┌──
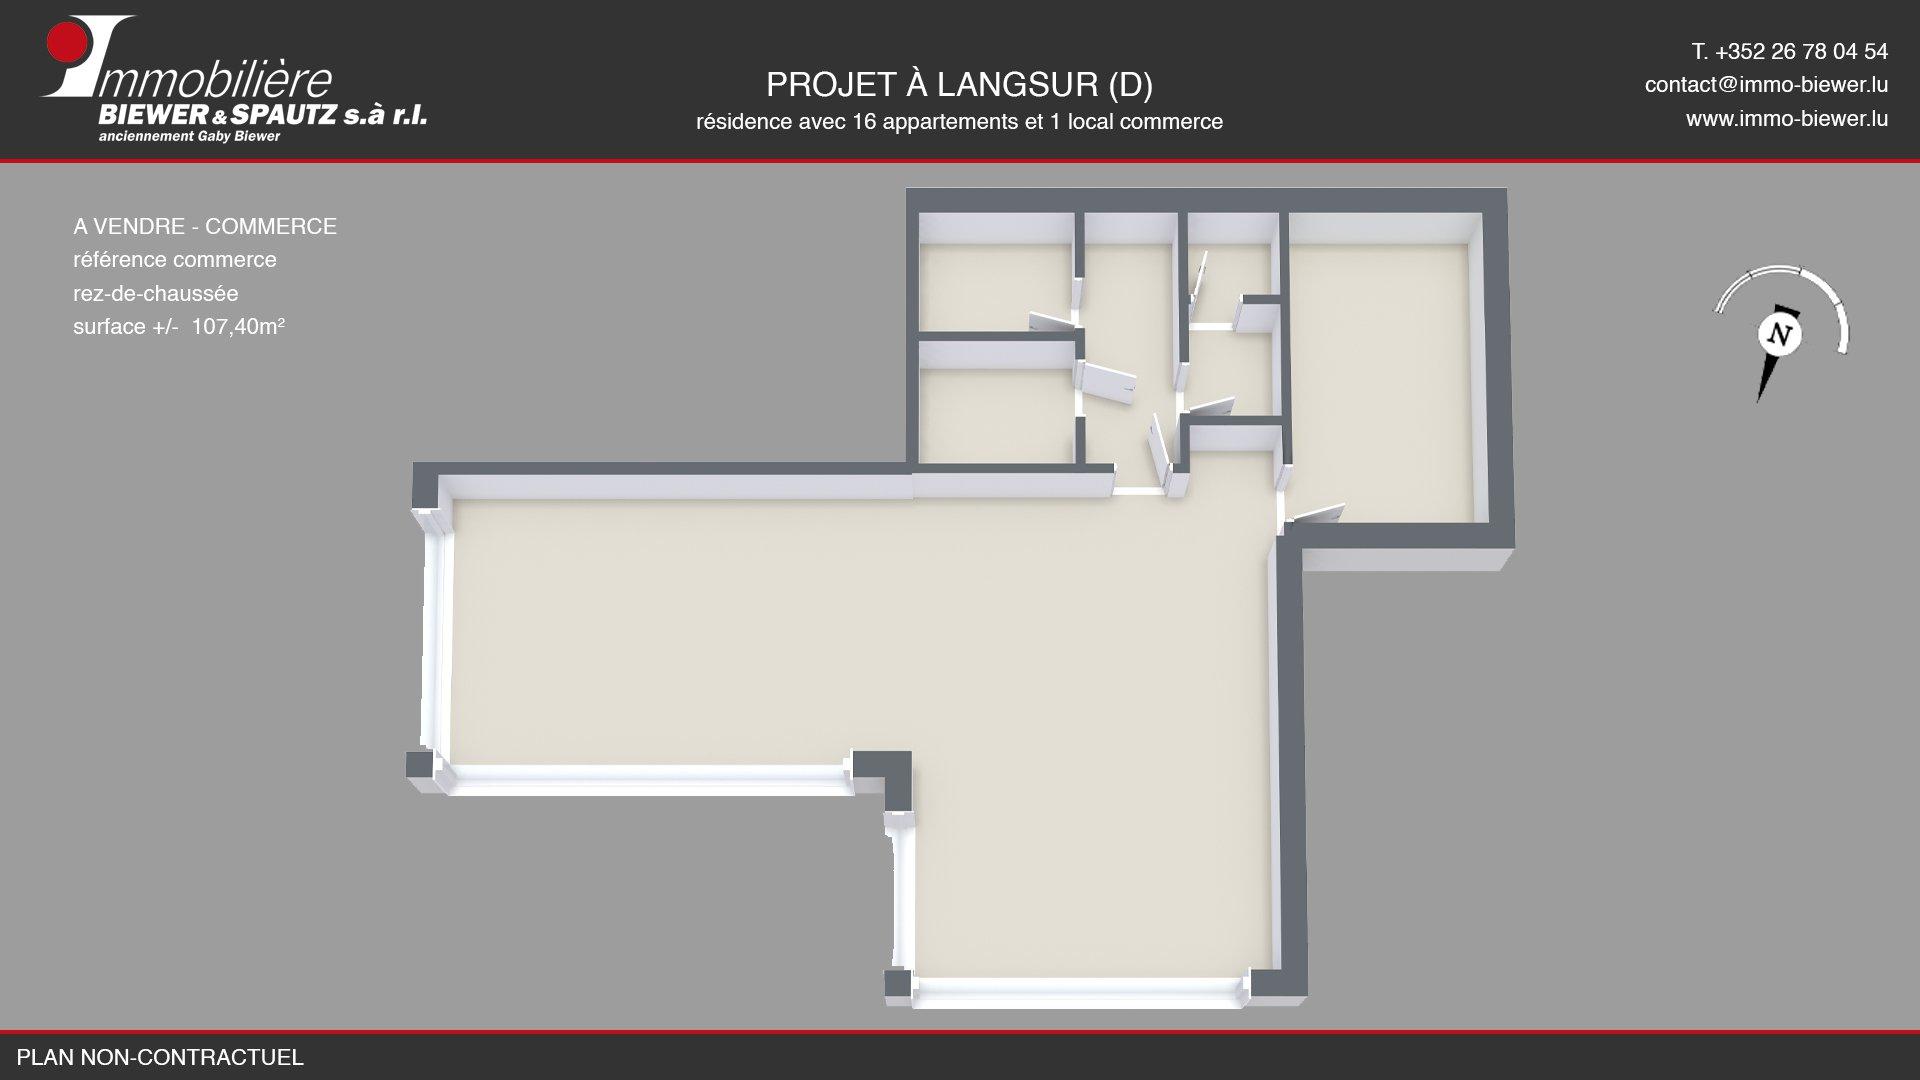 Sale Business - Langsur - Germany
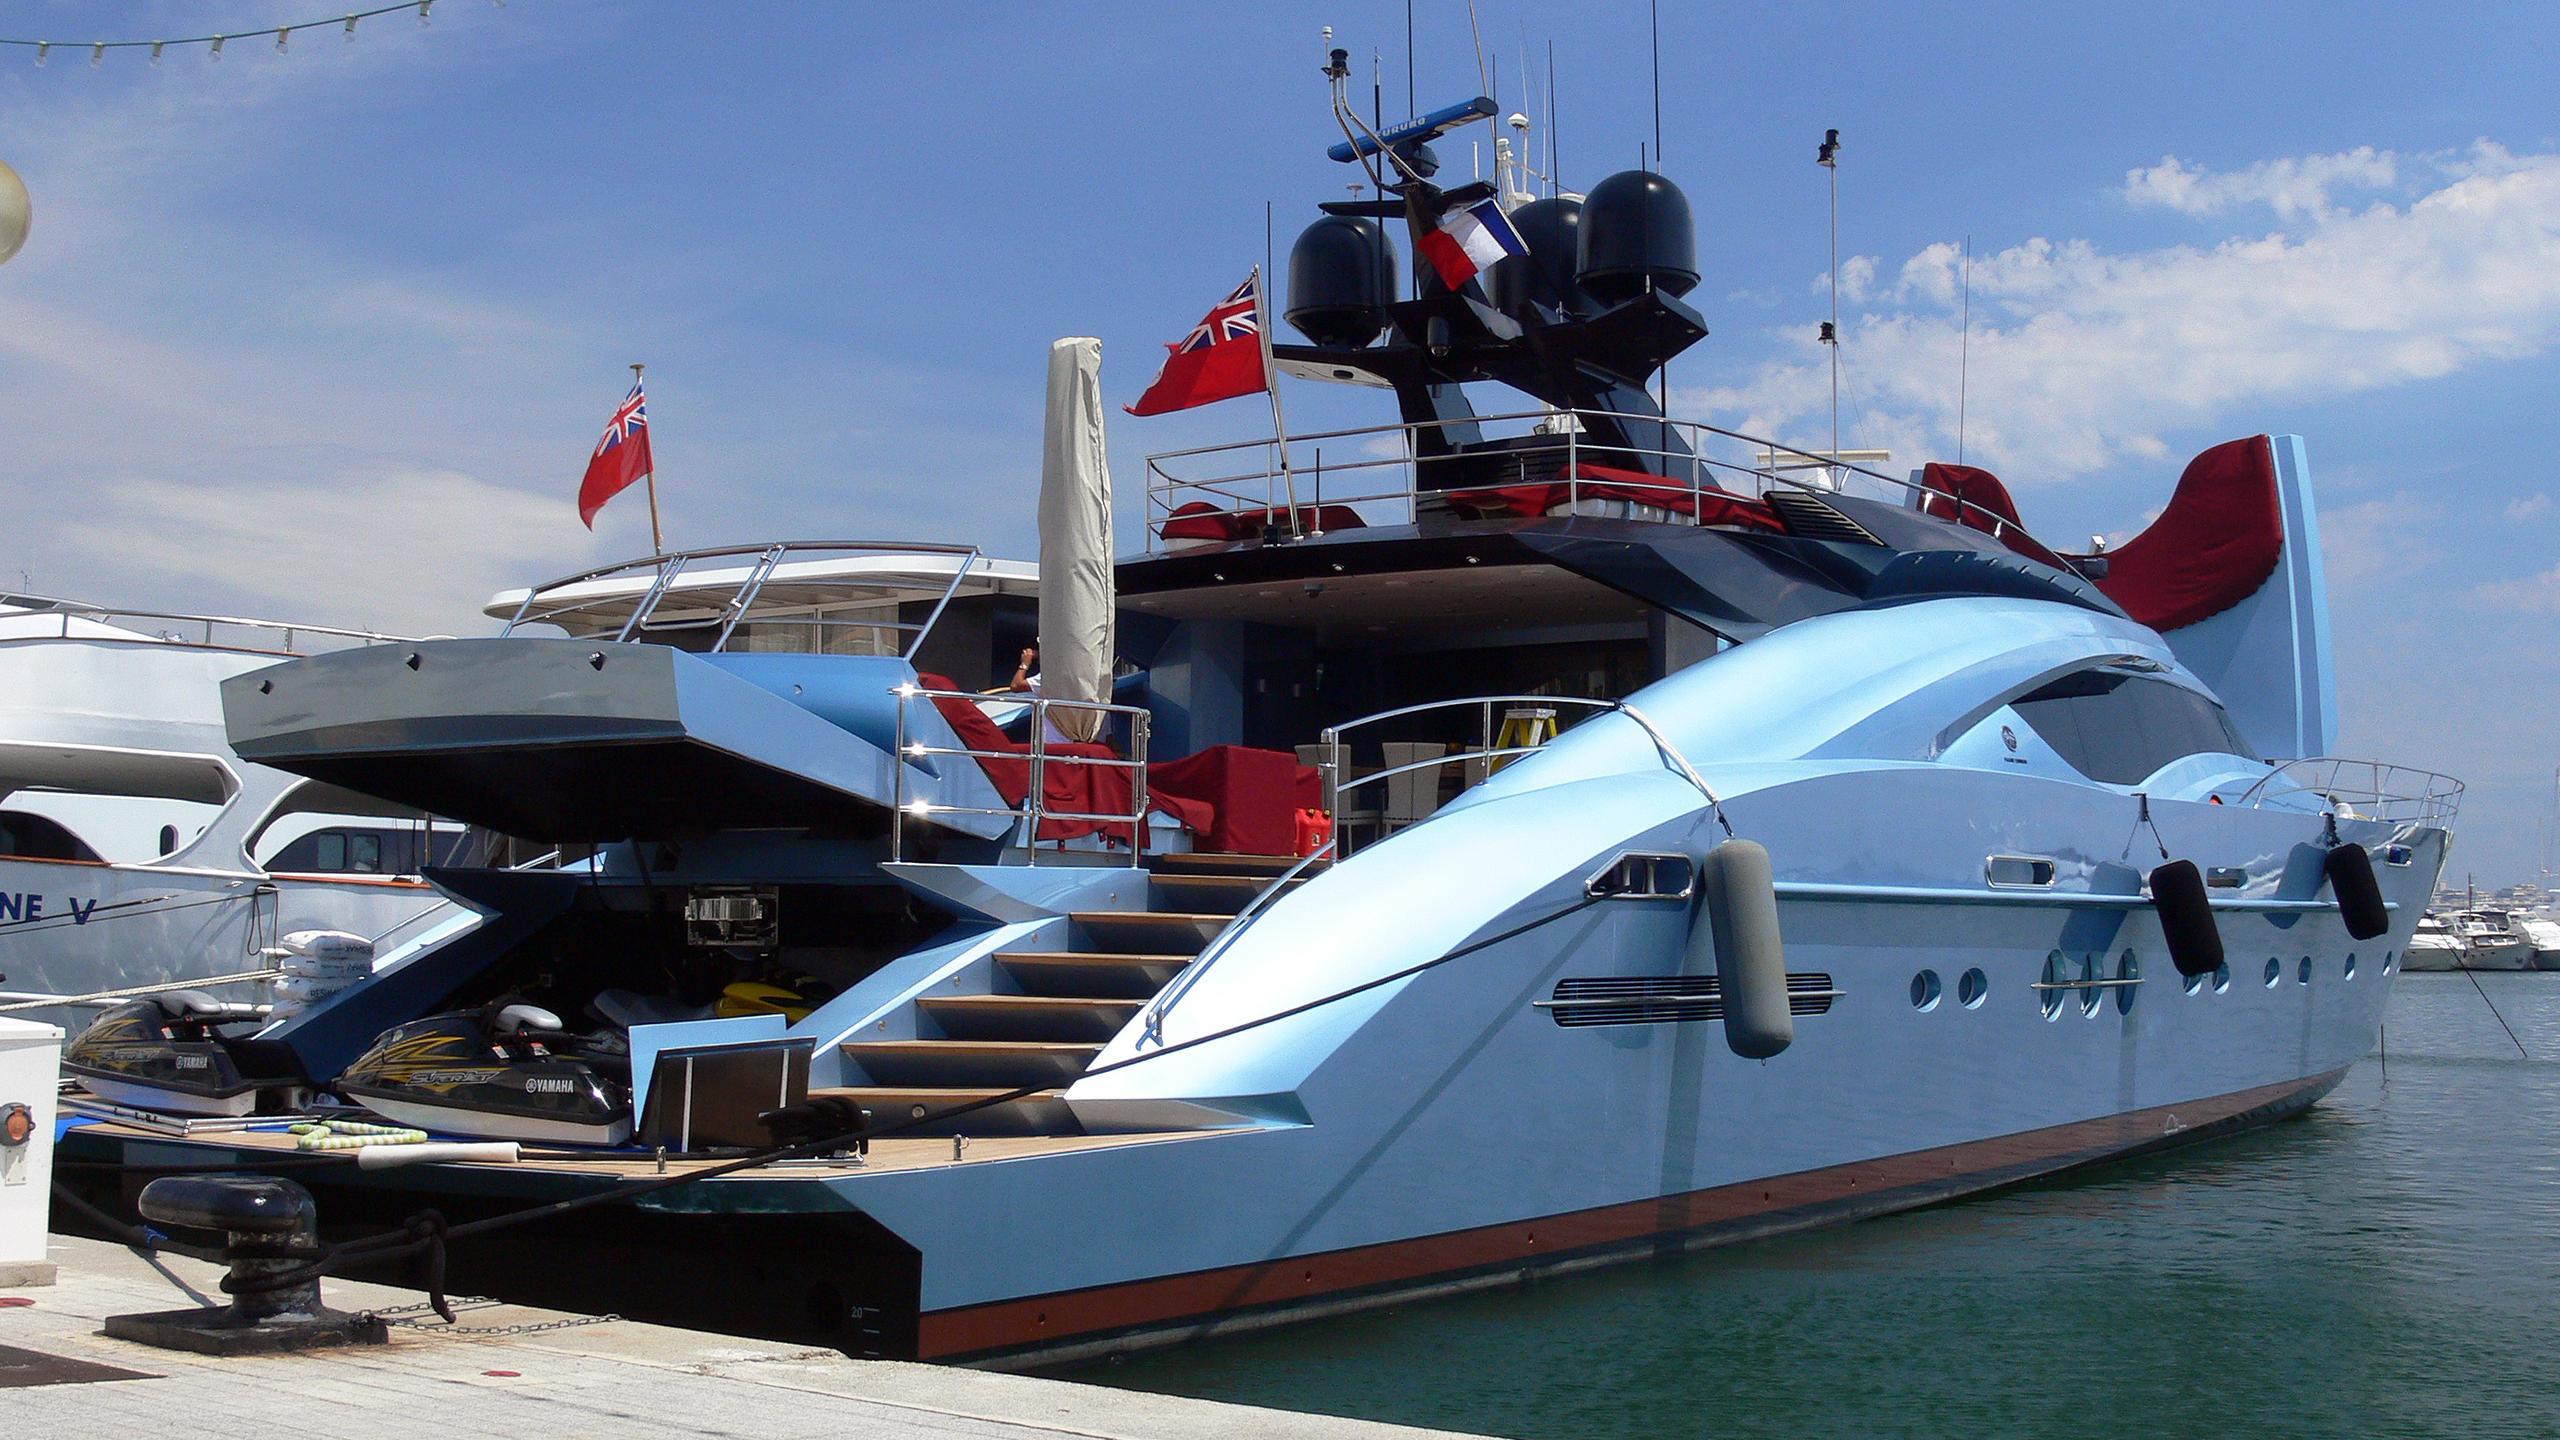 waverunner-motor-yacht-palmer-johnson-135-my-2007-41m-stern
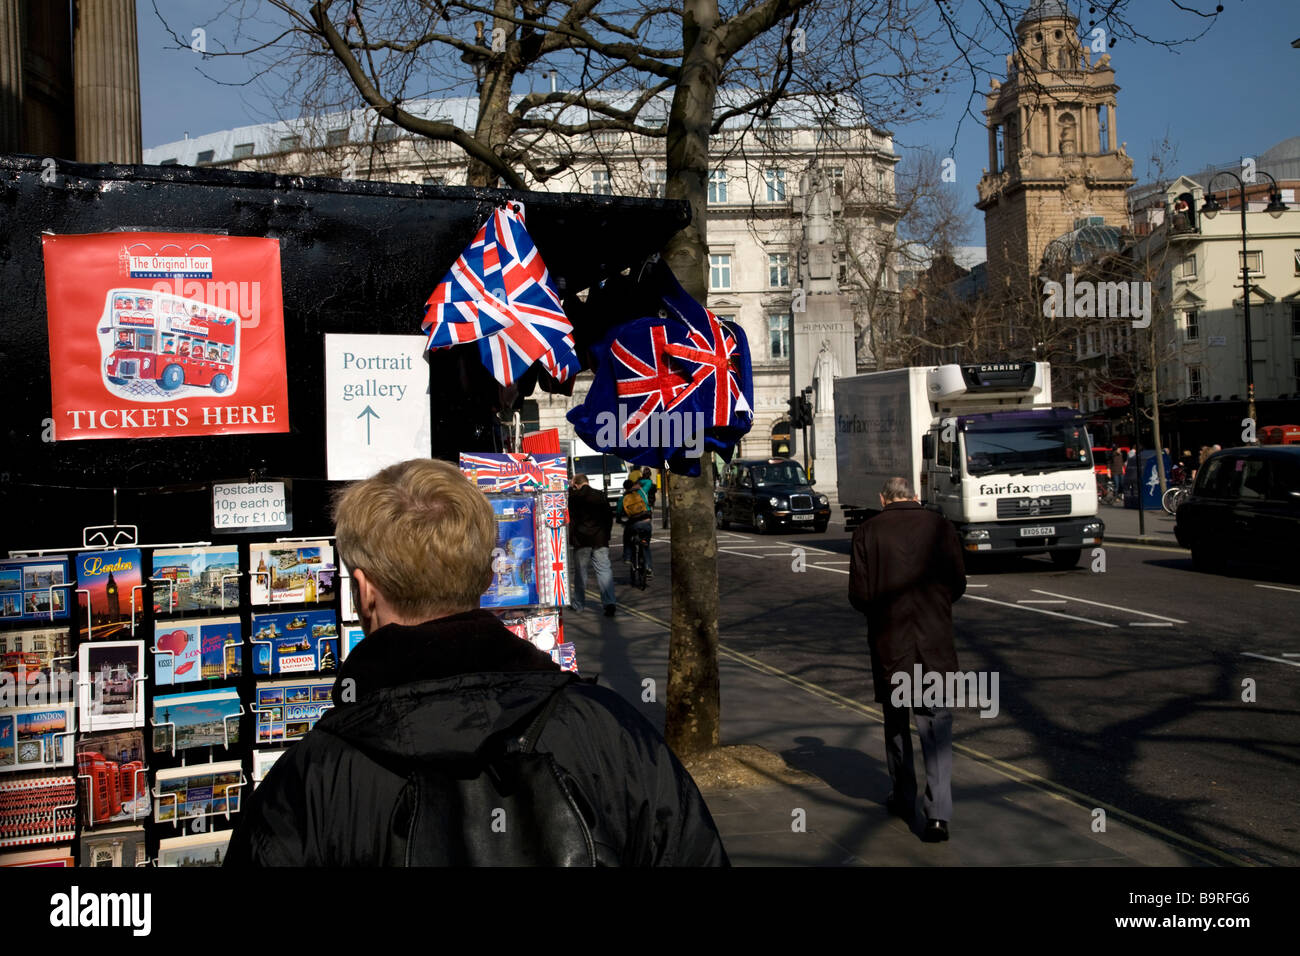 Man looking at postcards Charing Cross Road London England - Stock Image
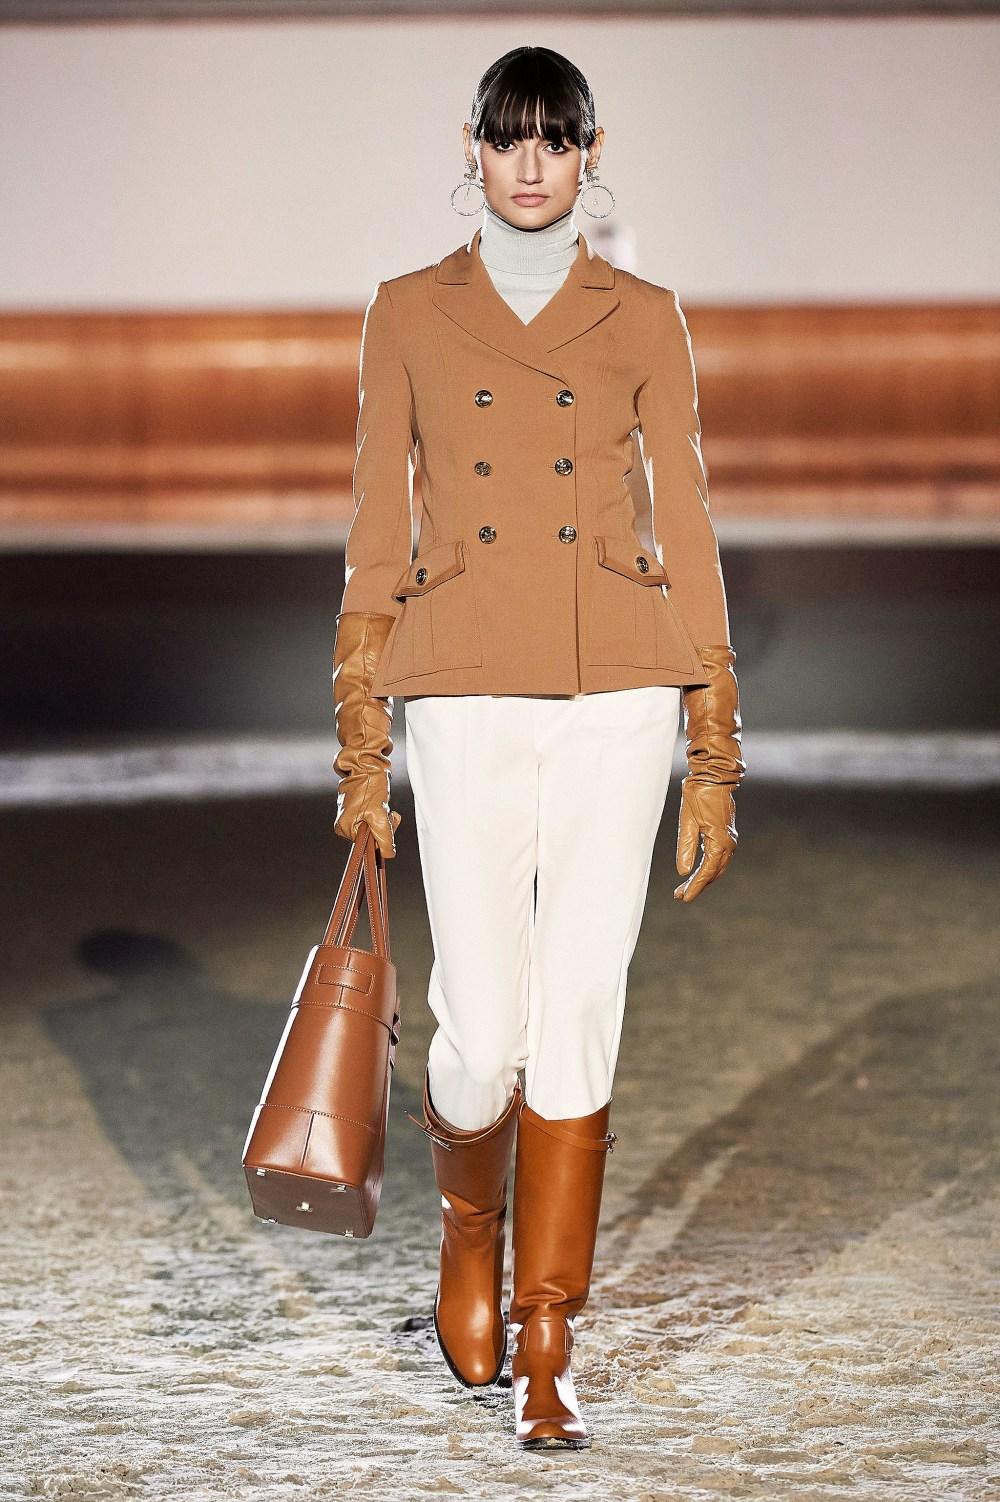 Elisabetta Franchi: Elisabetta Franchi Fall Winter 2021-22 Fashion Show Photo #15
└──
Write every line above again exactly, but leave the pictures out.

 Sale Business - Langsur - Germany
 waverunner-motor-yacht-palmer-johnson-135-my-2007-41m-stern
 Man looking at postcards Charing Cross Road London England - Stock Image
 Elisabetta Franchi: Elisabetta Franchi Fall Winter 2021-22 Fashion Show Photo #15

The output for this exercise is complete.